Congress’s 5,593-page porky ‘relief’ bill is essence of the swamp
The $900 billion stimulus package COVID-19 “relief” bill is exactly what one would expect from a dysfunctional, tone-deaf Congress: a pork-filled cluster filled with anything and everything that has nothing to do with the coronavirus pandemic or relief.
And in the swampiest thing ever, the bill, which is combined with a $1.4 trillion omnibus spending bill, is 5,593 pages long, or 5,583 pages too many, was given to lawmakers six hours before a vote to review what exactly is in it (hint: more pork than a Tyson Foods plant).
It harkens back to House Speaker Nancy Pelosi (D-Calif.) once explaining that a bill needed to be passed in order to find out what was in it. In a related story, our government is broken.
The top-line from the bill says a mere $600 per adult and $600 per child goes to those eligible, which is half of what adults received in another relief package passed earlier this year (the per-child payment was $500). Not hard to see that this amount is hardly enough to keep those struggling from staying out of poverty.
So where is the rest of the $1.4 trillion going?
Glad you asked.
Exhibit A: “Of the funds appropriated under title III of the Act that are made available for assistance for Pakistan, not less than $15,000,000 shall be made available for democracy programs and not less than $10,000,000 shall be made available for gender programs.” Yep. $10 million. For gender programs. In Pakistan.
Exhibit B: Funds for “Resource Study of Springfield (Illinois) Race Riot.” That riot occurred in (checks notes) 1908.
Exhibit C: “Statement Of Policy Regarding The Succession Or Reincarnation Of The Dalai Lama.” We’ll just leave that one there.
Exhibit D: There’s actually a commission tasked with educating “consumers about the dangers associated with using or storing portable fuel containers for flammable liquids near an open flame.”
Exhibit E: Another $40 million will be allocated “for the necessary expenses for the operation, maintenance and security” of The Kennedy Center, which received $25 million in another COVID-19 relief bill earlier this year. Also in a related story, the Kennedy Center has been closed.

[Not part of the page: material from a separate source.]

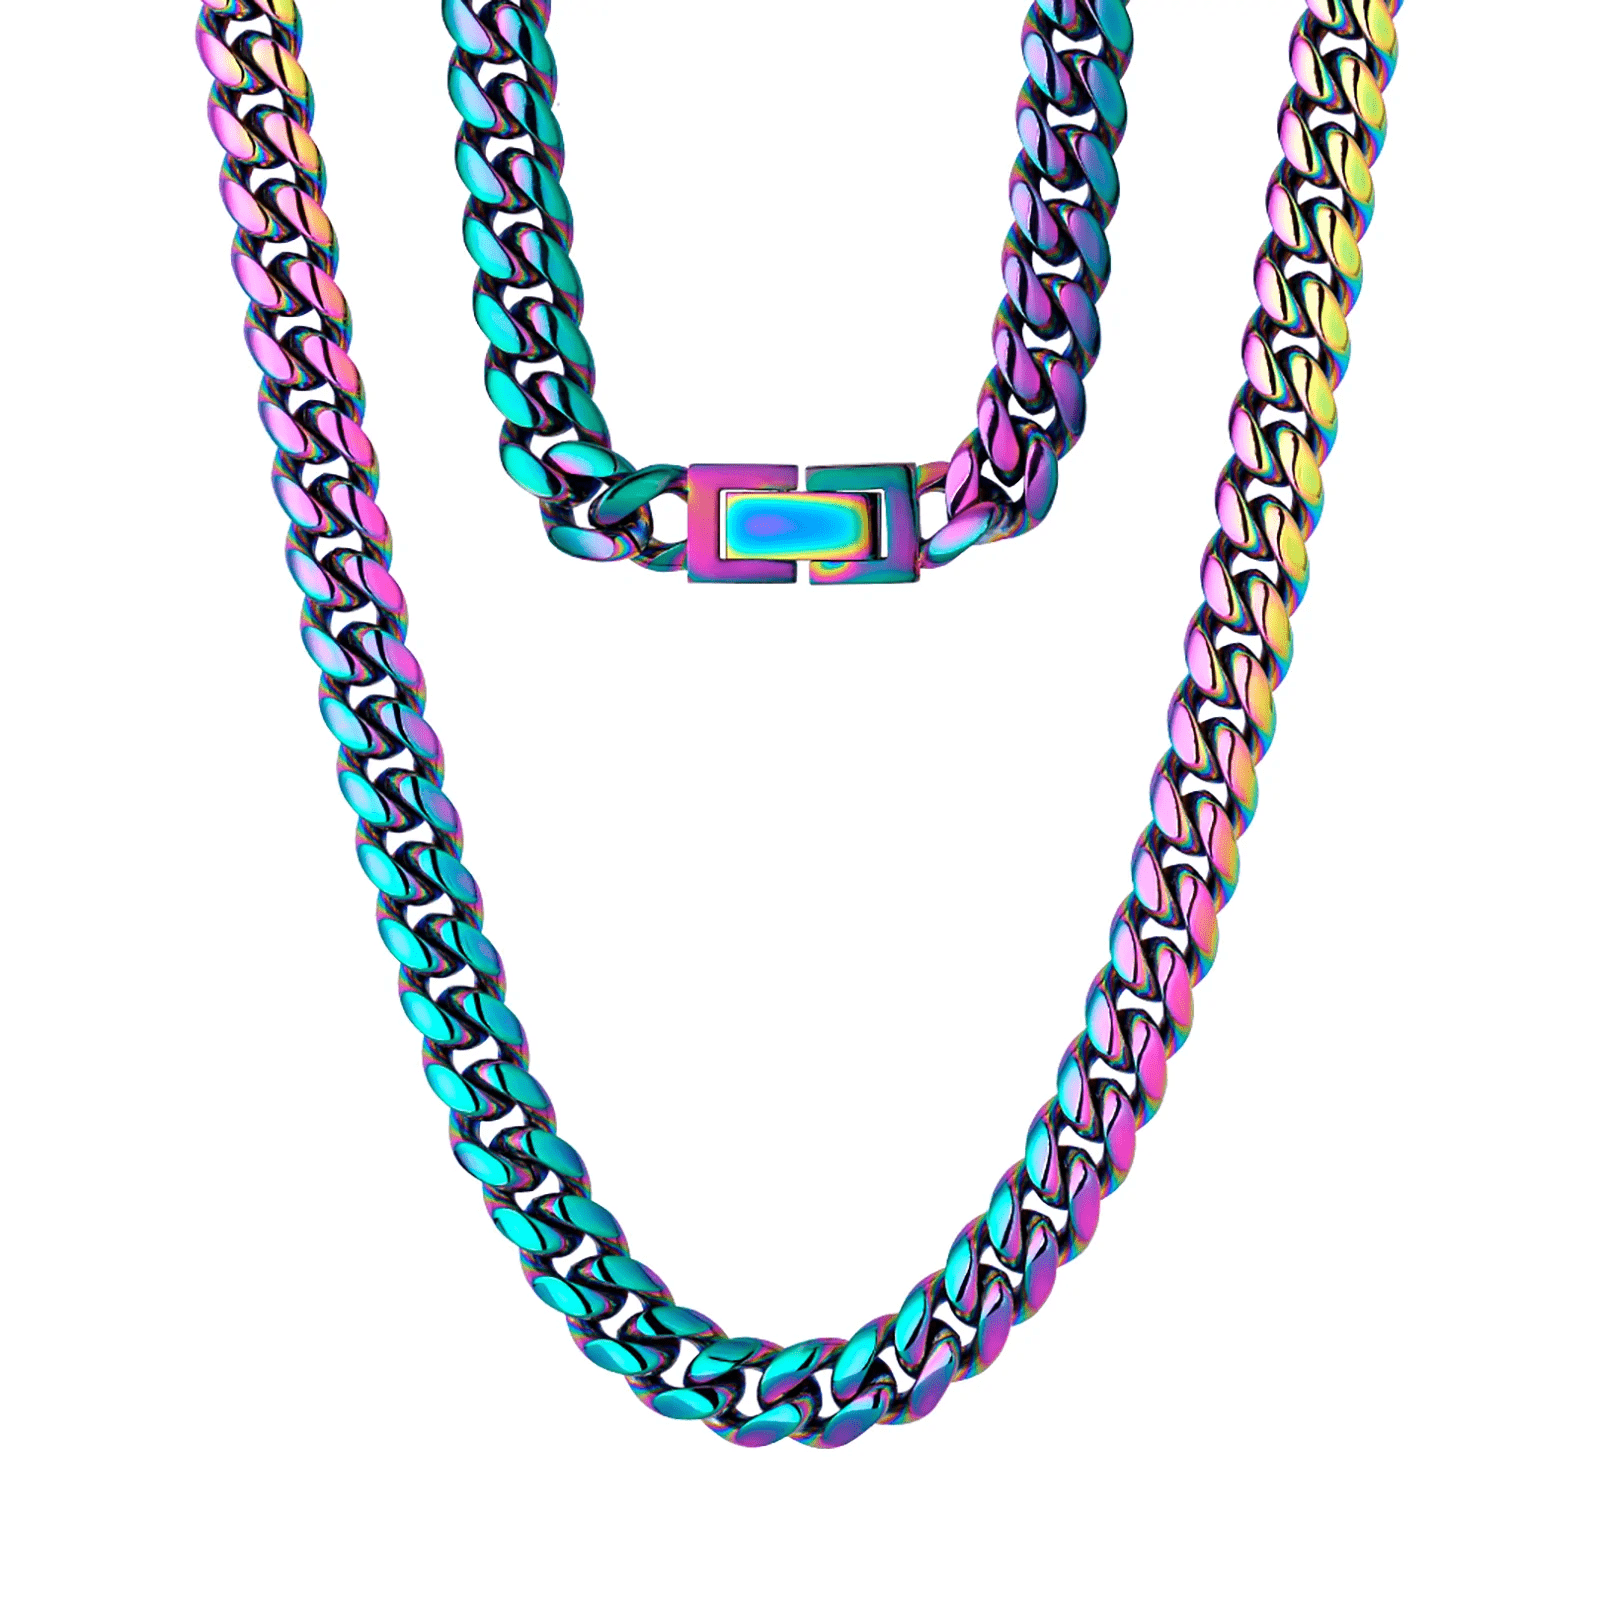 Colorful Cuban Link Chain Enamel Necklace Bracelet Set Hip Hop

Exhibits F, G, H, I, J: $86 million for assistance to Cambodia; $130 million to Nepal, $135 million to Burma, $453 million to Ukraine, $700 million to Sudan.
Exhibit K: The bill creates a Women’s History Museum and an American Latino Museum as part of the Smithsonian. Overall, the Smithsonian gets (checks notes again) $1 billion.
You get the idea. It’s the oldest trick in Washington: Take a bill that symbolically is overwhelmingly supported by the American people on its title alone (COVID-19 relief for those struggling due to the pandemic). Then attach every pet project possible, in this case by combining it with an omnibus spending bill, and away we go.
Then there’s the gall of Pelosi, who politicized this process in stalling negotiations since the summer with Treasury Secretary Steven Mnuchin until after the election to ensure her party’s presidential nominee got past the finish line.
“That is a total game-changer — a new president and a vaccine,” she said. “We have a new president — a president who recognizes that we need to depend on science to stop the virus.”
The kind of science that creates (checks notes once again) multiple vaccines in record time as was done under President Trump’s Operation Warp Speed?
“Congressional Democrats have reached an agreement with Republicans and the White House on an emergency coronavirus relief and omnibus package that delivers urgently needed funds to save the lives and livelihoods of the American people,” Pelosi wrote on Twitter on Sunday.
Again, using words like “emergency” and “urgently needed funds” that have been an emergency for many and urgently needed for months are the highest levels of insult.
Party power is always the goal with Pelosi. It may explain why her approval rating currently sits at 33 percent while Congress’s sits at 21 percent.
Another year, another spending bill stuffed with pork.
The more things change, the more they stay the same.
Joe Concha is a media and politics columnist for The Hill.